SEN SOK: UN LUGAR DONDE SOÑAR HISTORIAS

Sen Sok respira algo muy especial a nada que uno cruza su entrada coloreada por columpios gigantes: el amor por la lectura. Lo dice una pequeña biblioteca repleta de cuentos de niños que aguarda tras los columpios. Y sus niños, que entran y salen de ella y desaparecen entre las páginas de los cuentos. El centro PSE de Sen Sok es una guardería. Pobre, como toda la aldea, pero llena de pequeños tesoros que ayudan a los niños a crecer soñando historias.

EN UNA GUARDERÍA

En una pequeña guardería en el centro de Sen Sok: ahí está localizado otro de los subprogramas del Programa de Continuidad Escolar. En medio de una aldea también pequeña, de casas y locales muy pobres, basuras acumuladas en cualquier parte, y vacas y cabras que se mueven libremente por todas partes, los columpios de la guardería, justo a la entrada, desconciertan a cualquiera y llenan de color y alegría este paisaje.
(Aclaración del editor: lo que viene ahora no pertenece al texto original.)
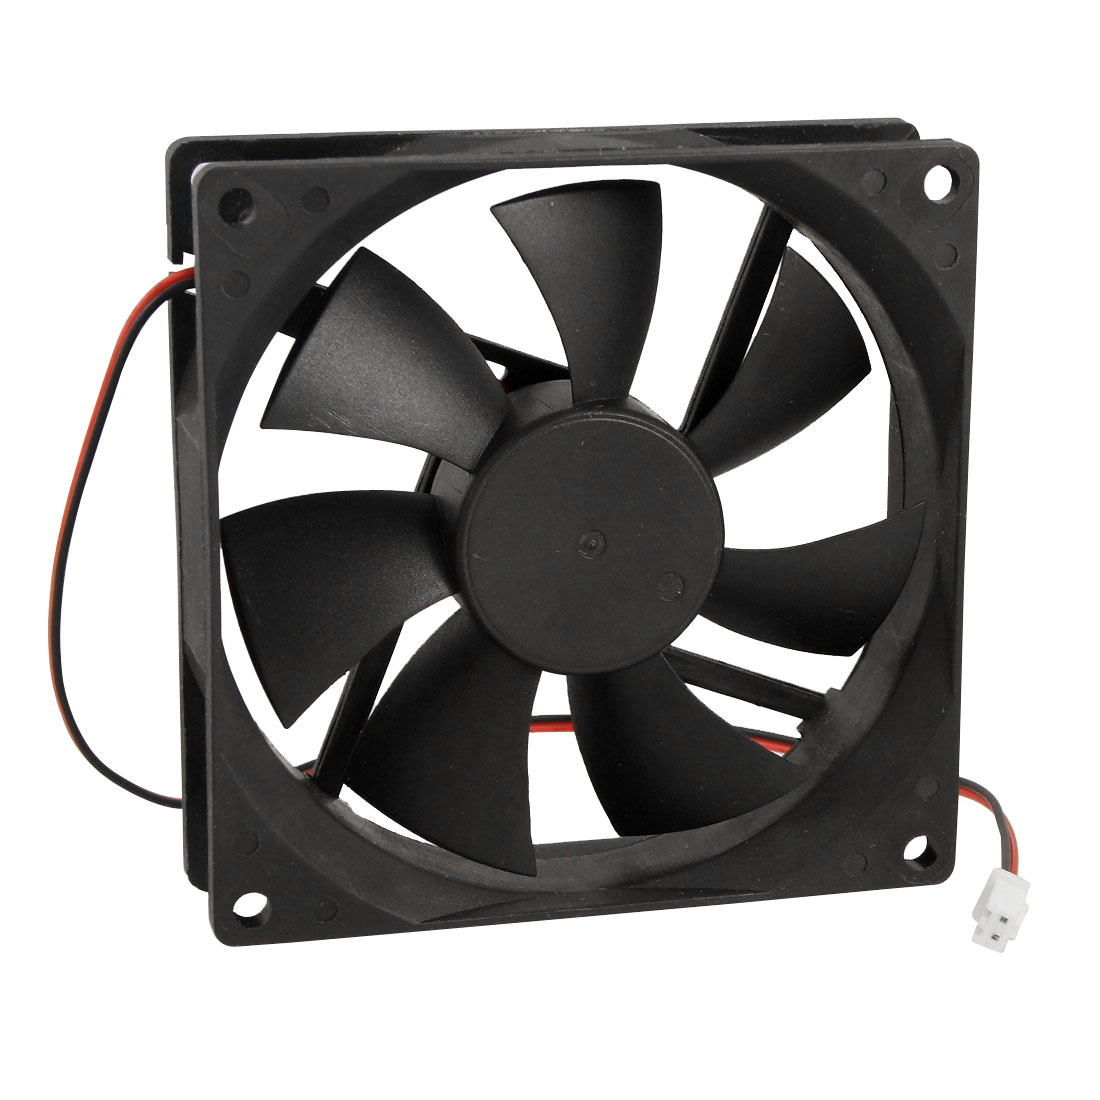 90mm x 25mm DC 12V 2 Terminals Cooling Fan for Computer Case CPU Cooler
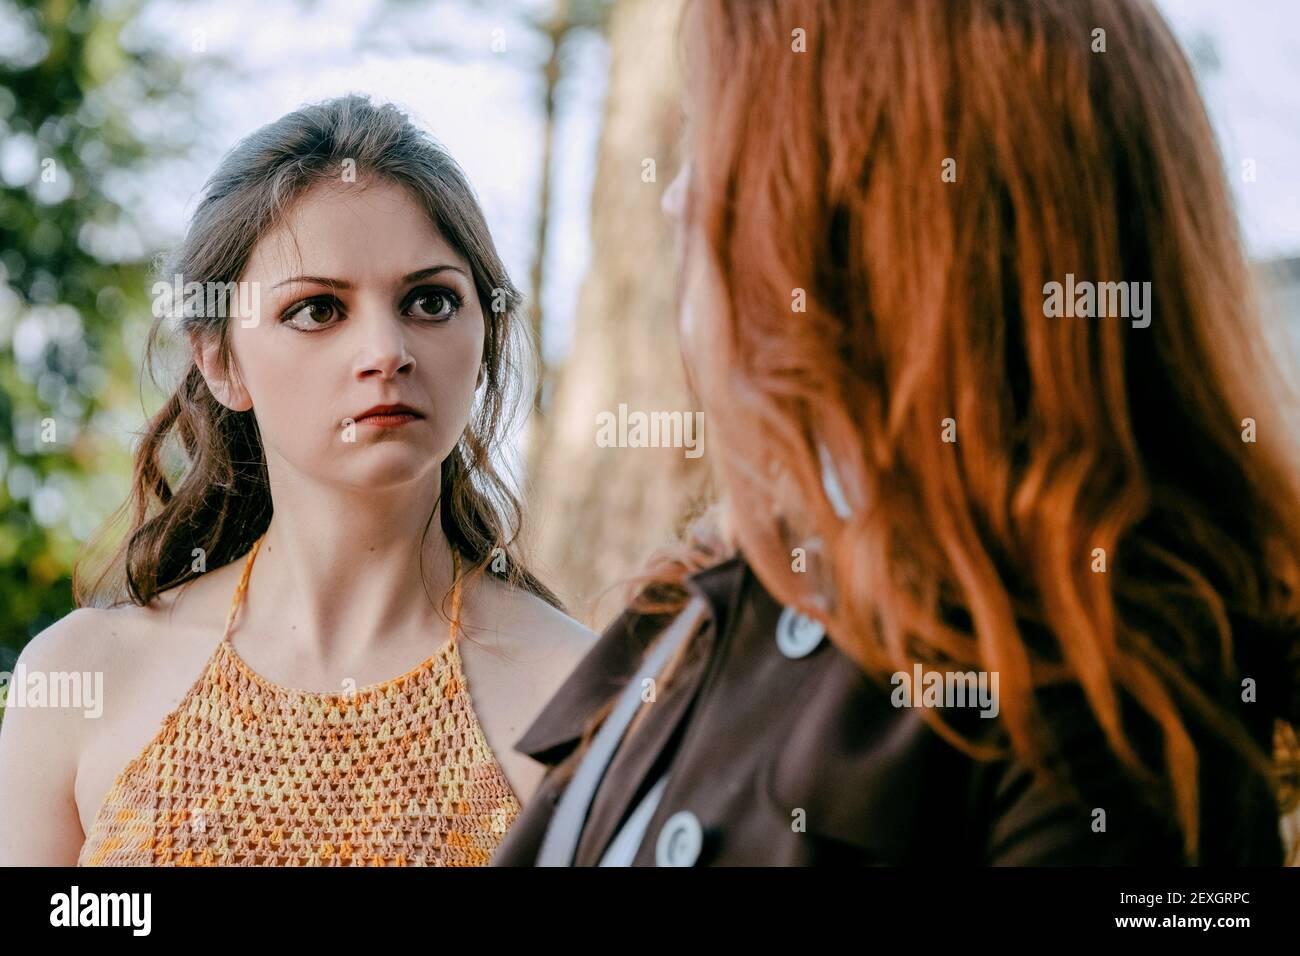 JESSICA CLEMENT, DARK ANGEL, 2019 Banque D'Images

Sen Sok es una aldea pequeña, con tan solo una carretera con casas humildes a ambos lados y unas cuantas calles secundarias.

La guardería donde se desarrolla este subprograma pertenece a PSE y es gestionada durante el curso escolar por personal de la ONG. Cuando llega el verano, los monitores recogen el testigo a los profesores y siguen cuidando de los niños que van durante el curso, además de a otros niños que también quieran acudir.

Los columpios a la entrada de la guardería llenan el aire de color

Desarrollar aquí uno de los subprogramas, en una guardería, confiere a este centro un carácter singular con respecto a otros subprogramas, porque crea un marco único y diferente de trabajo. Los columpios lo avisan antes incluso de entrar en ella. También lo dicen los botes de cristal rellenos de tierra y plantas diminutas enganchados a la reja de la entrada: que éste es un lugar alegre y cuidado, un lugar por y para los niños.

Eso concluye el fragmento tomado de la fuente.